When considering the suspended existence of Jellyfish, as Astrida Neimanis does in Bodies of Water, she notes that “buoyancy would have given rise to an unthinkably different metaphysics.” If only we could do away with the distractions of our bodies, to liberate existence and be as pure thought! Think of the associations we might be free to make outside of these Rorschach inkblots that define our modes of perception.

SUSPENSION

But we are living suspended existences. We are suspended in the middle of infinite continua. Time, space, sound and knowledge are just four potentially infinite continuums for which we are only partial to one small window. Between directional orientations, we are the physical boundary between up and down, forward and backwards and temporally between what came before and what will come after – our memories, our expectations. The infinite complexity of our exterior is matched by the mysteries of our interiors. Our sense making apparatuses are limited to suspended operational windows.

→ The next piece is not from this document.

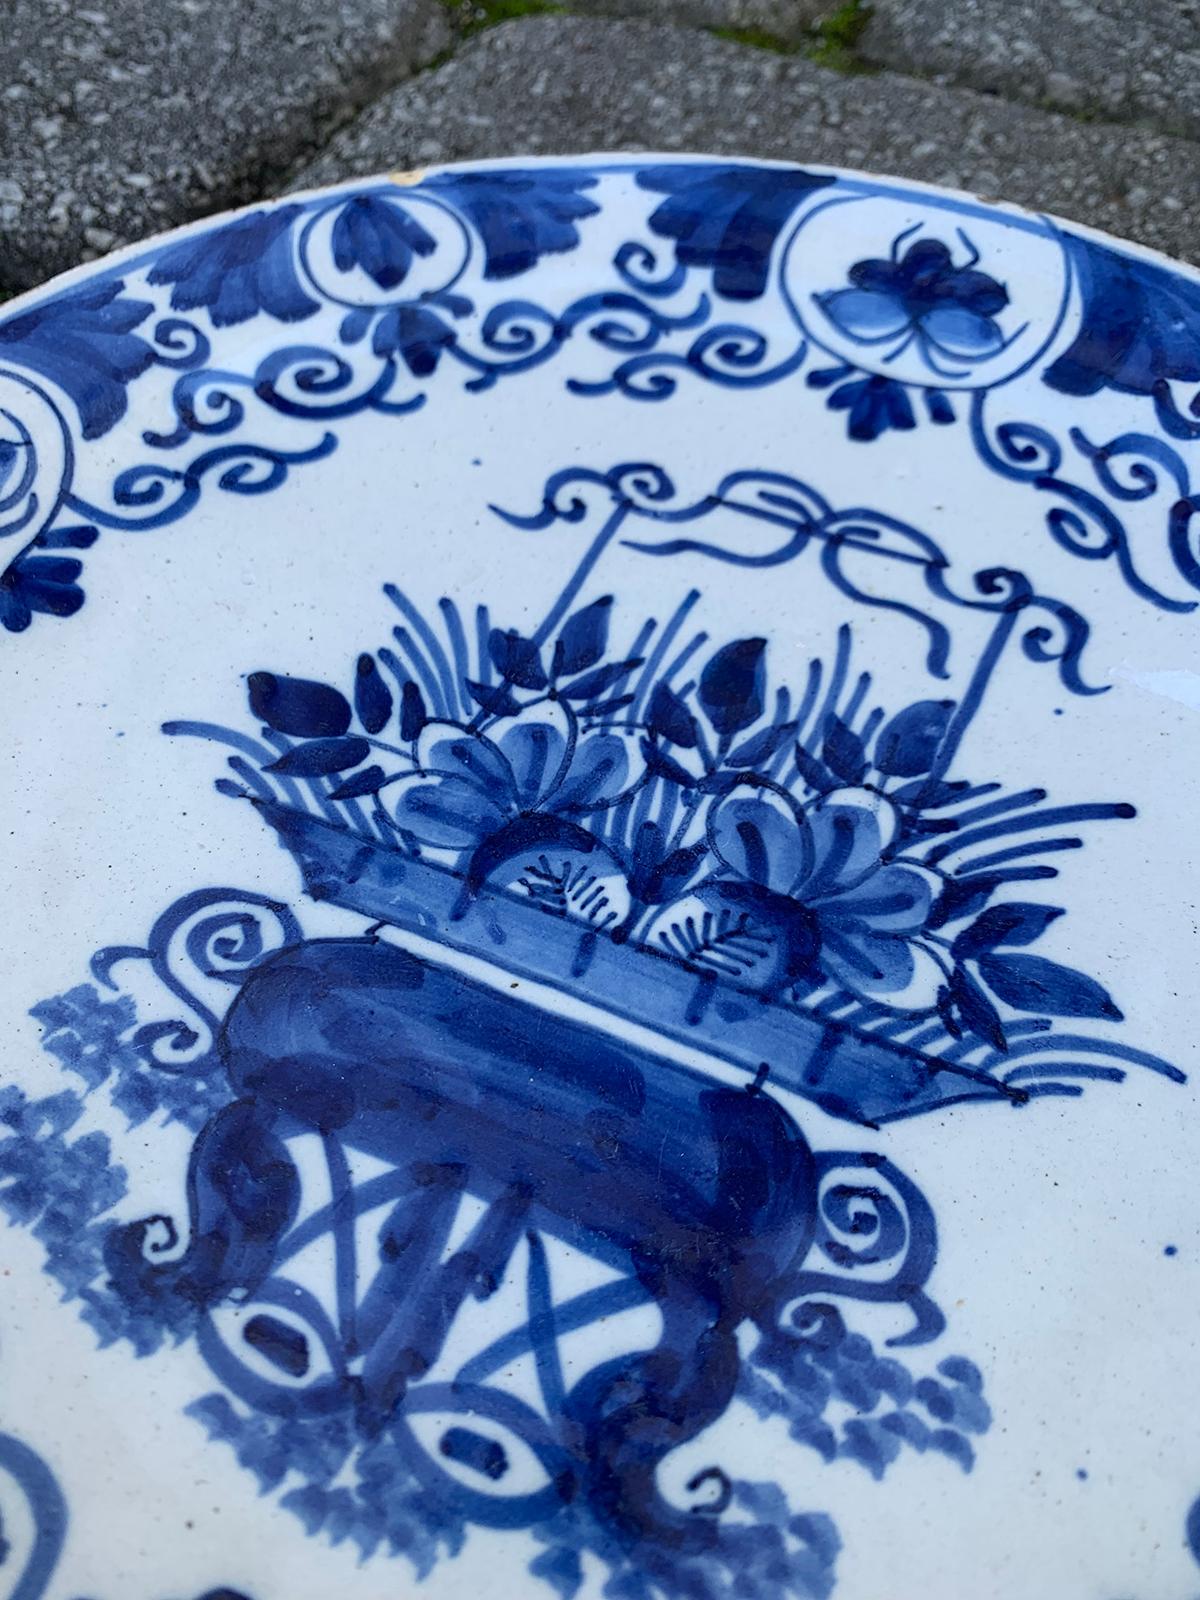 Pair of 18th Century Blue and White Porcelain Plates (18. Jahrhundert und früher)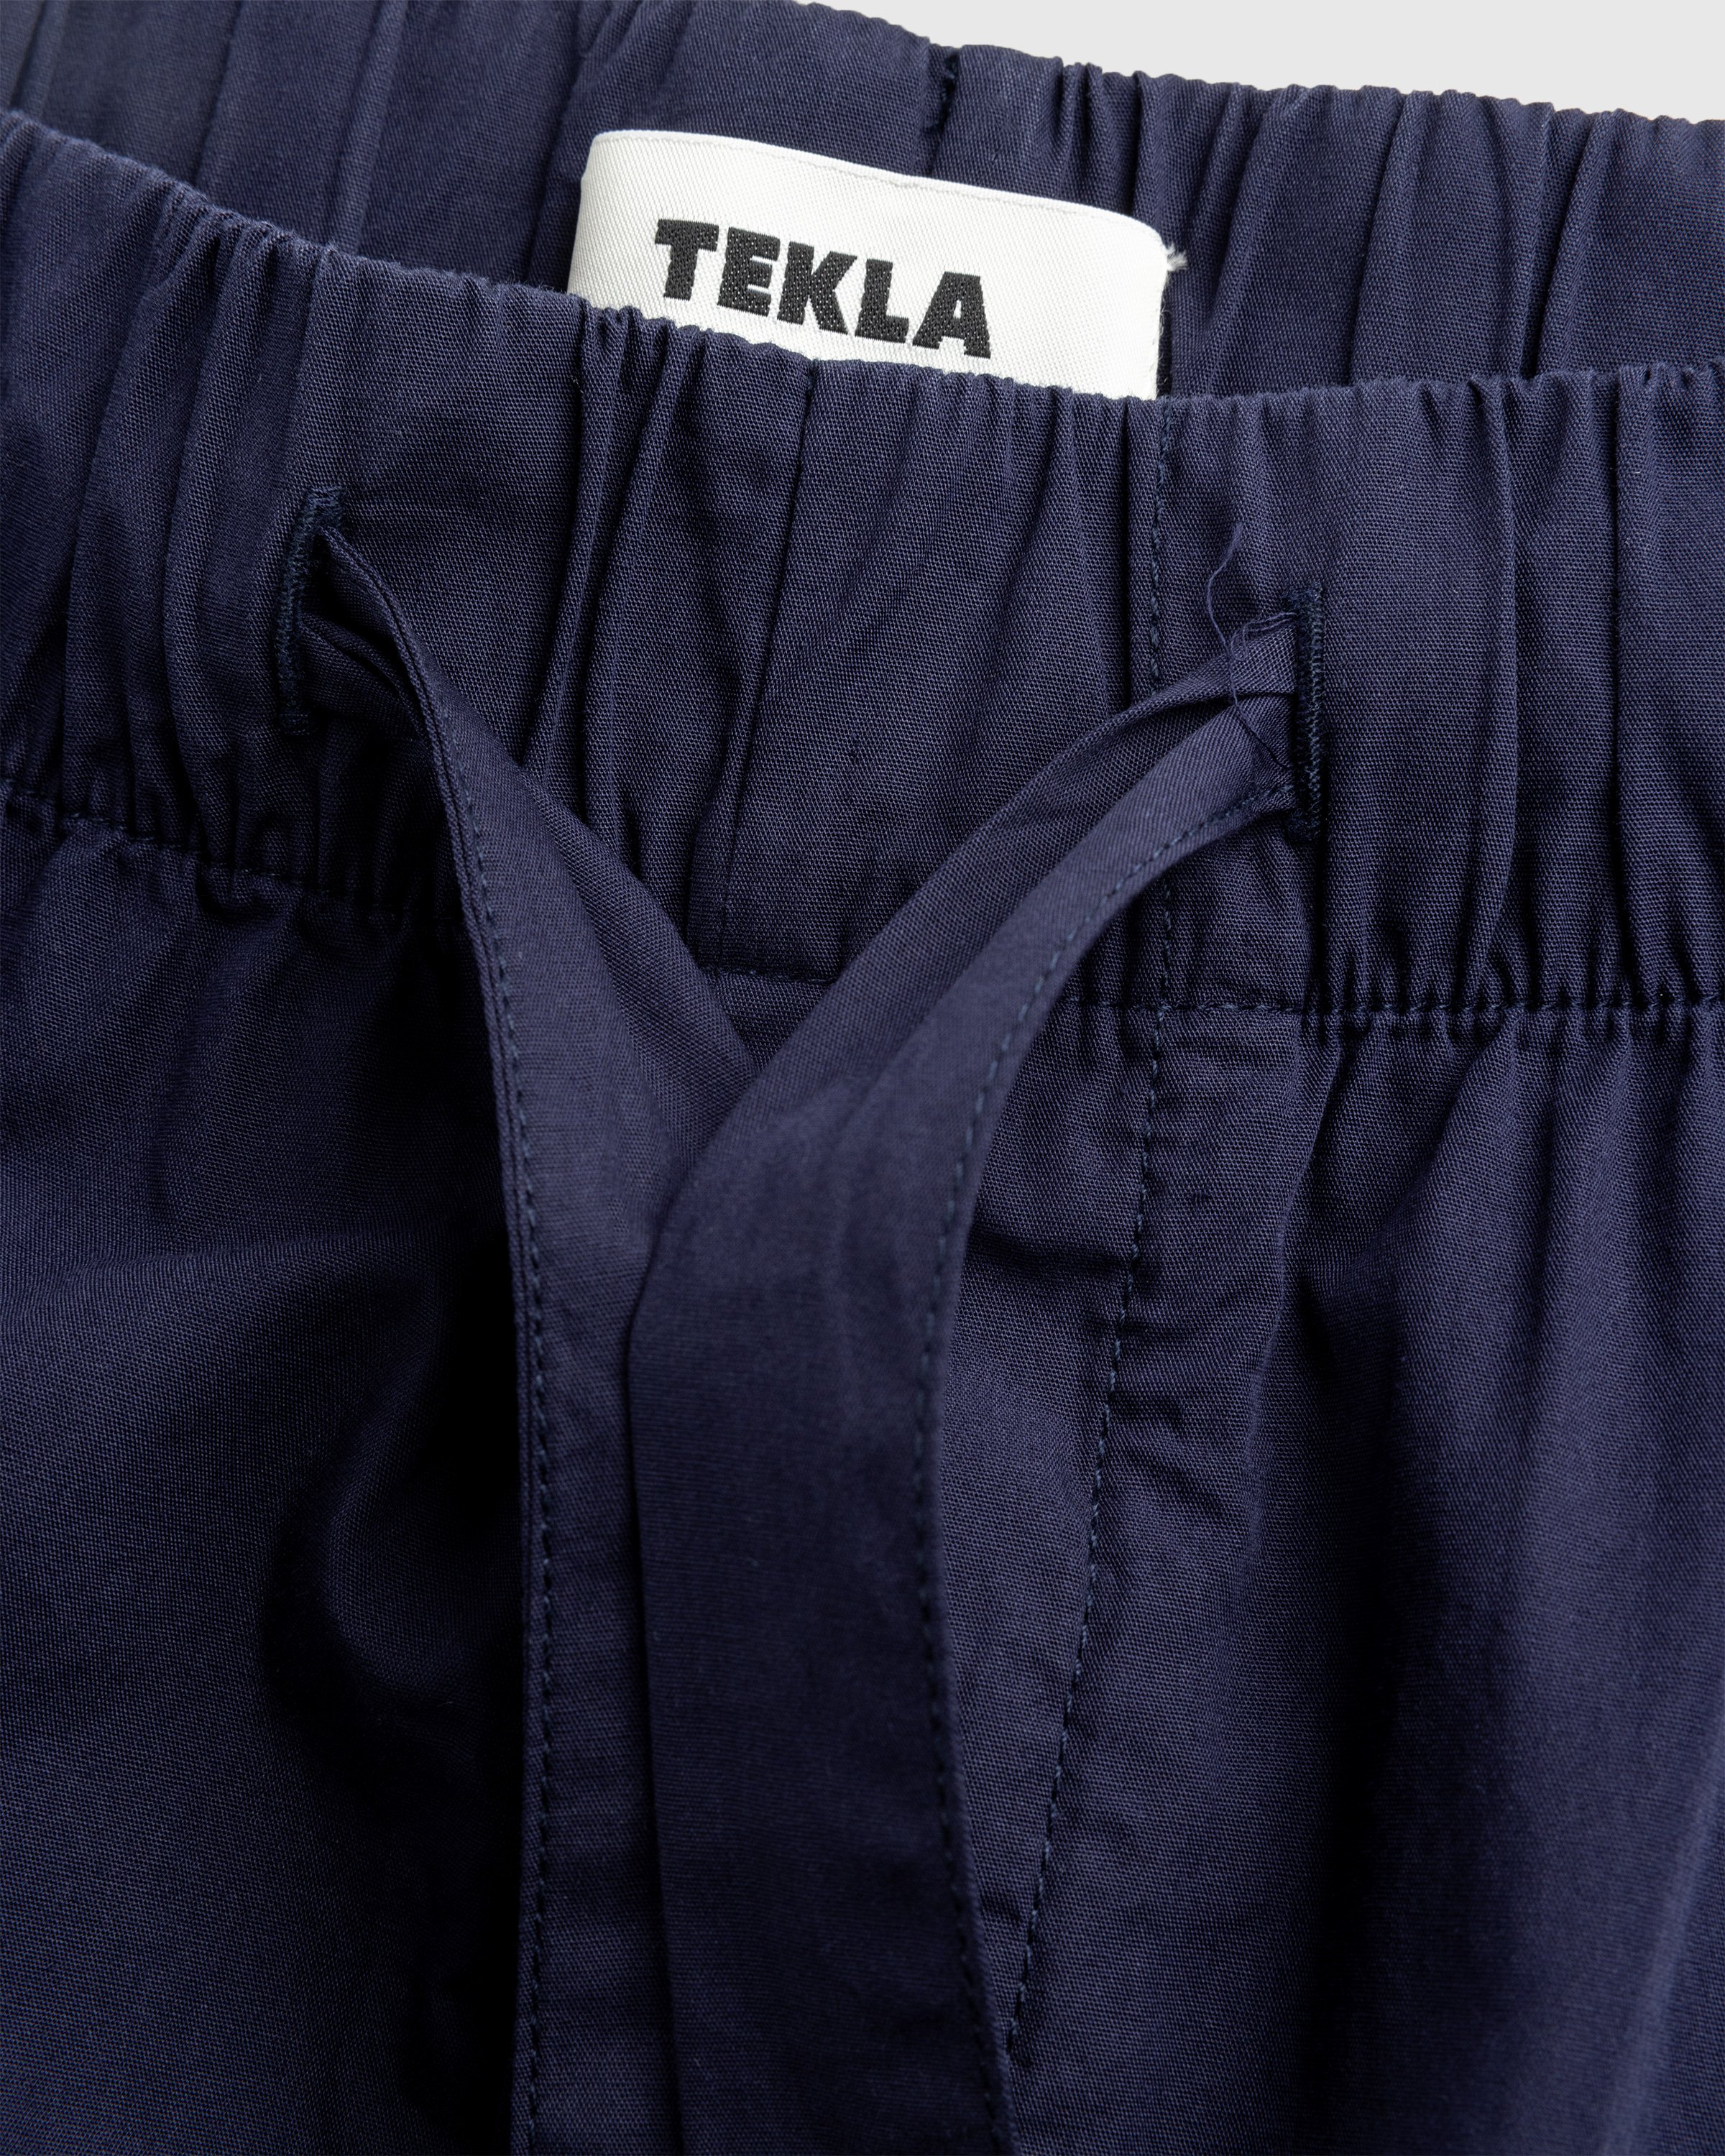 Tekla - Cotton Poplin - Pyjamas Shorts True Navy - Clothing - Blue - Image 6

These central thresholds aren’t passive. They aren’t boundaries between opposing terms, as was challenged by the post-structuralists, they are more equivalent to effervescent event horizons, simultaneously drawing in matter and expelling light. Similarly the boundaries between disciplines are fertile. Like a reef, where the cool waters of ‘philosophy’s conceptual method can meet the warm waters of ‘the sense-orientated enterprise of art.’ As Jean Luc Nancy noted in his 2016 Four by Three magazine interview, “To appropriate what is outside of ourselves – bodies, exteriority – would be to strip them of their outside and thus of their independent nature, foreign to all assignment of property. It would be to appropriate the expropriation with which thought begins.”

DETACHMENT

We sense the etymology of the name Fluxus. It is a Latin verb meaning to flow. Before engaging with these text scores, I imagined flow to mean flowing past like a river. When considering the Balkanization of thought processes that is currently destabilising our communal sense making, to flow like a river seems too close to its etymological cousin, ‘rival’. I have come to suppose that flow needn’t suggest conflicting binaries – rival banks of the same stream. Thanks to this prolonged engagement with Fluxus event scores I have come to appreciate that flow is more akin to springs, flowing outward from intangible central places, to intangible thresholds elsewhere. 

Fluxus event scores expand our understanding of our relationships to a text. This may be extended indefinitely. Meaning may never be definitively decoupled from the written word. The meaning within a text is less important than the action it enkindles. The variety of Fluxus event scores and their actualisations define their intangible actuality not as a multiplicity of separatenesses but as a wholeness.

I have been considering the painting, Eukelade by Boo Saville as a better articulation of what I have been trying to say. Boo’s patient technique involves gently erasing thinly applied layers of paint to create mesmerising colour fields. At the beginning of August, Boo tweeted the following unattributed quote,

Detachment is not the absence of emotion, it is the process of becoming one with the Oneness that is the Universe. To be detached, is to realise that the fullness of all there is, is too much to react to with just one emotion, one thought, or any bias.